**Provided data**:
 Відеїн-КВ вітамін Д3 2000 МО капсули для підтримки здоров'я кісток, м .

* * *

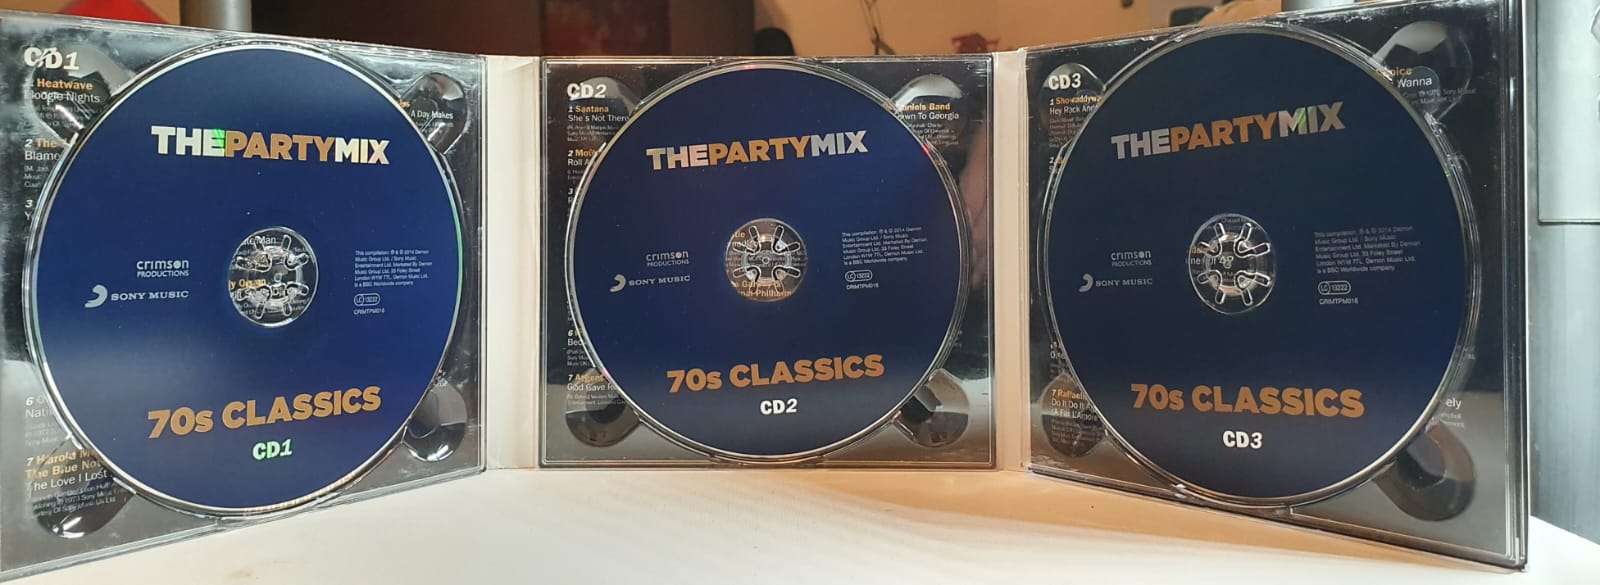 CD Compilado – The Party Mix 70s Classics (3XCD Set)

--

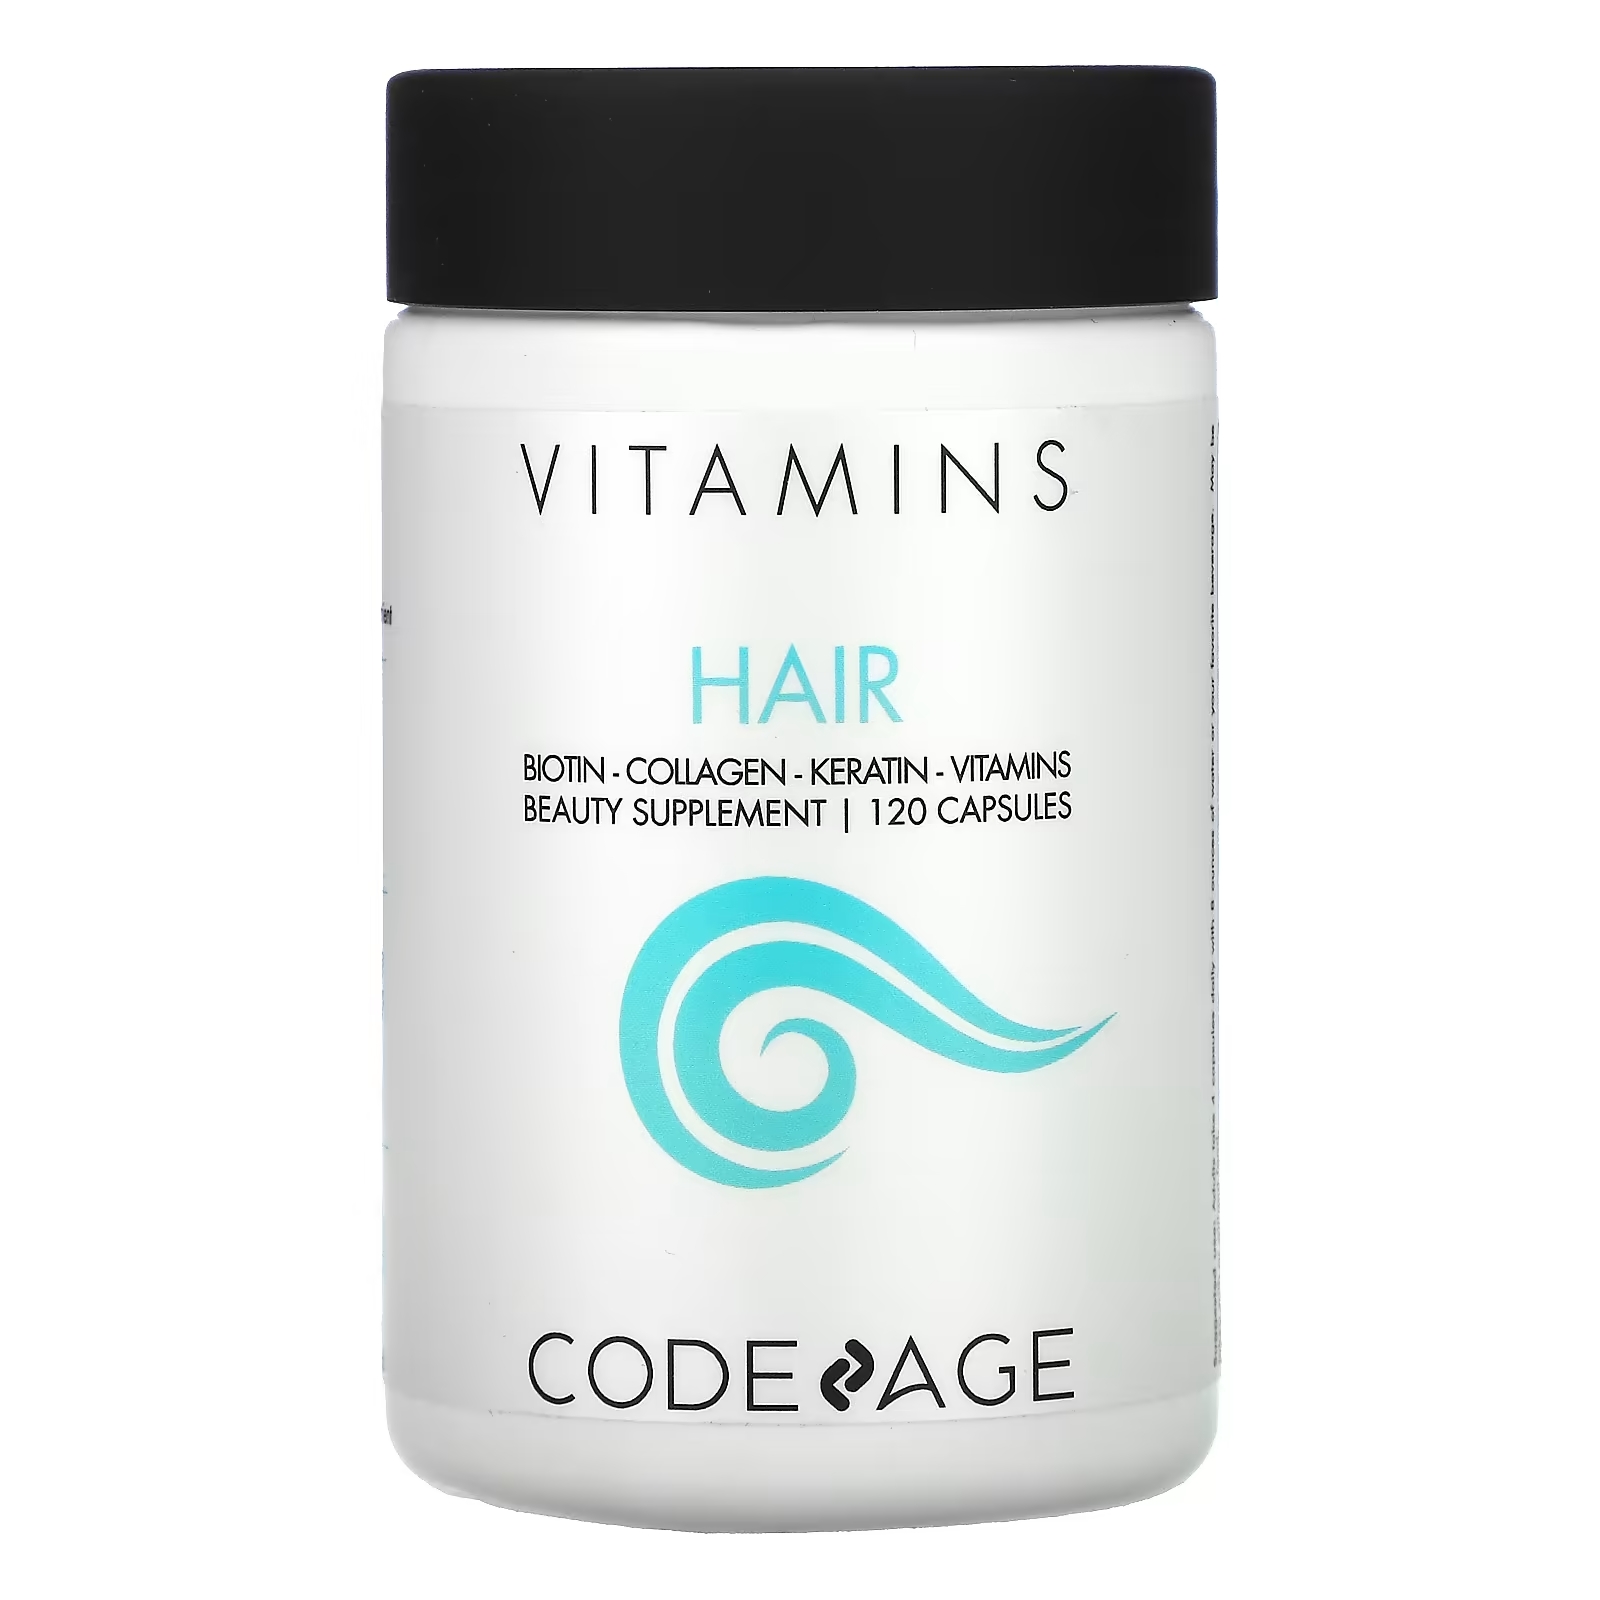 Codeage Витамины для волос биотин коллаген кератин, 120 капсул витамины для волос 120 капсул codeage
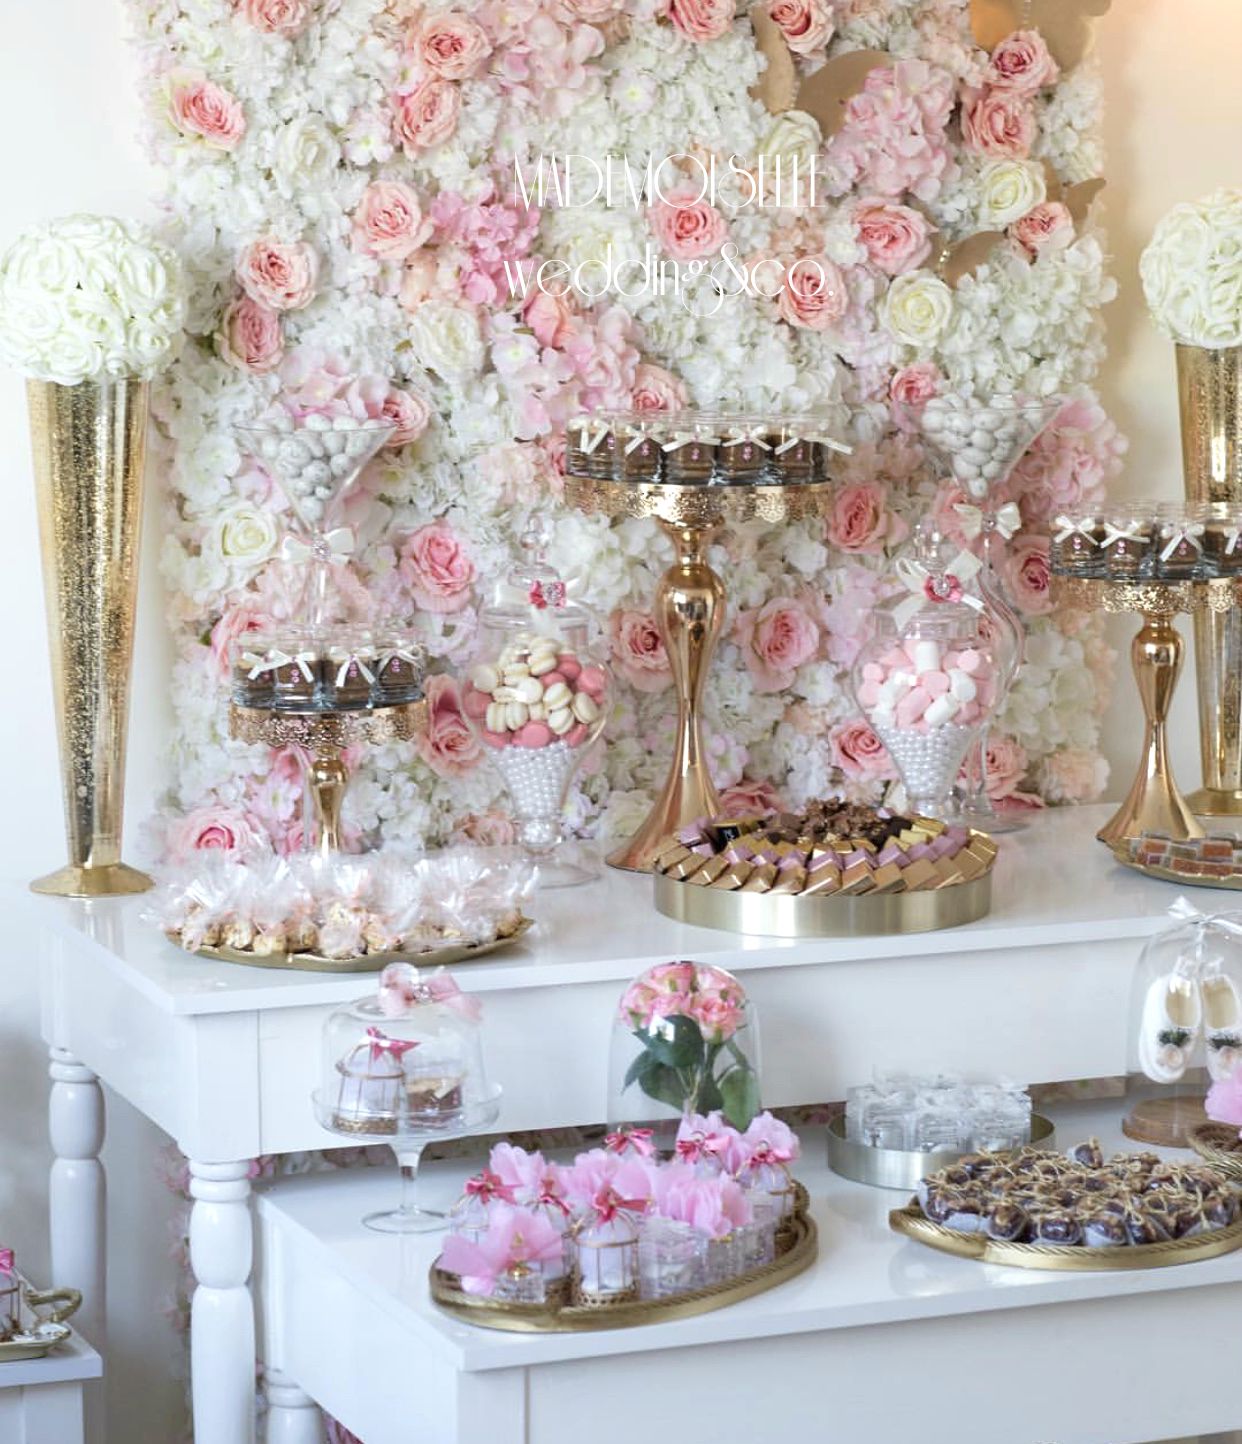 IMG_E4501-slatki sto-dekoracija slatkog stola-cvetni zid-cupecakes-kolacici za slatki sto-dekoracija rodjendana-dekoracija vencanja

**Task requirements**: Could you transcribe exactly the entries above, but only the lines from the one with "Codeage Витамины для" through the one with "IMG_E4501-slatki sto-dekoracija slatkog", and without pictures?

**Result of this task**:
 Codeage Витамины для волос биотин коллаген кератин, 120 капсул витамины для волос 120 капсул codeage
 IMG_E4501-slatki sto-dekoracija slatkog stola-cvetni zid-cupecakes-kolacici za slatki sto-dekoracija rodjendana-dekoracija vencanja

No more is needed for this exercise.